Editions Globe – mai 2019

J’ai aimé ce livre, un peu, beaucoup…1 2 3 4 5

Une autre lecture chez… Sylire

Lectures 2019

Marée haute, Quentin Desauw

J’attaque ma PAL urgente, délaissée ces derniers temps, et pleine des acquisitions de ce début d’année… Il était donc temps de sortir ce premier roman de Quentin Desauw, choisi essentiellement pour son thème maritime. Nous faisons connaissance avec Manu, jeune marin du Nord de la France (Dunkerque), qui a eu une enfance difficile, a connu une famille d’accueil et se retrouve aujourd’hui embarqué dans un trafic de réfugiés qu’il aide à faire passer en Angleterre. Pourtant, Manu a la vie de tous les jeunes de son âge, et même si il travaille dur sur le chalutier qui l’emploie, il trouve l’énergie de jouer au foot et de rêver encore à une sélection. Alors, comment expliquer cette propension qui semble lui coller aux semelles de faire les mauvais choix ? Sans doute son enfance, qui revient le hanter tous les jours, l’absence inexplicable de son frère Julien, l’attitude de sa mère biologique, le souvenir de sa maman de cœur trop tôt disparue. Manu pourra compter sur la bienveillance de son chef quand les événements vont commencer à mal tourner, une manière de comprendre que les relations familiales peuvent être différentes, et que surtout le bonheur est parfois dans la fuite et le renouveau… J’ai beaucoup pensé à ma lecture récente de Rade amère en lisant ce roman. On y retrouve la même ambiance à la fois maritime, dure et désenchantée. Et les mêmes mauvais choix. J’ai apprécié ma lecture mais j’ai regretté que la narration soit parfois un peu nébuleuse. Nous vivons en effet l’histoire du point de vue de Manu, via son regard, souvent extérieur et quelque peu hébété (fumette oblige). Toutes les explications ne sont donc pas données.

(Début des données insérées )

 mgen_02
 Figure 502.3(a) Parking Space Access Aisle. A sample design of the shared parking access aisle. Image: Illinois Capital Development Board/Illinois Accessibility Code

J’aurais aimé comprendre pourquoi par exemple Manu suit aveuglément les ordres des « cousins » qui organisent les trafics, et qui ils sont réellement pour lui. J’aurais aimé en savoir plus aussi sur la disparition de son frère Julien, disparition qui le hante constamment, sur sa mère de coeur dont il a été très proche dans les derniers jours. Les personnages secondaires m’ont semblé parfois trop esquissés, à l’instar de Caroline, amante conciliante qui finit par regarder notre anti-héros avec un regard désabusé, et par le quitter. Un roman qui n’a donc pas totalement rempli son objectif avec moi mais qui a un charme certain et promet beaucoup sur l’avenir de cet écrivain. On ne peut en effet dénier un beau talent d’écriture à Quentin Desauw et surtout un regard plein de promesses.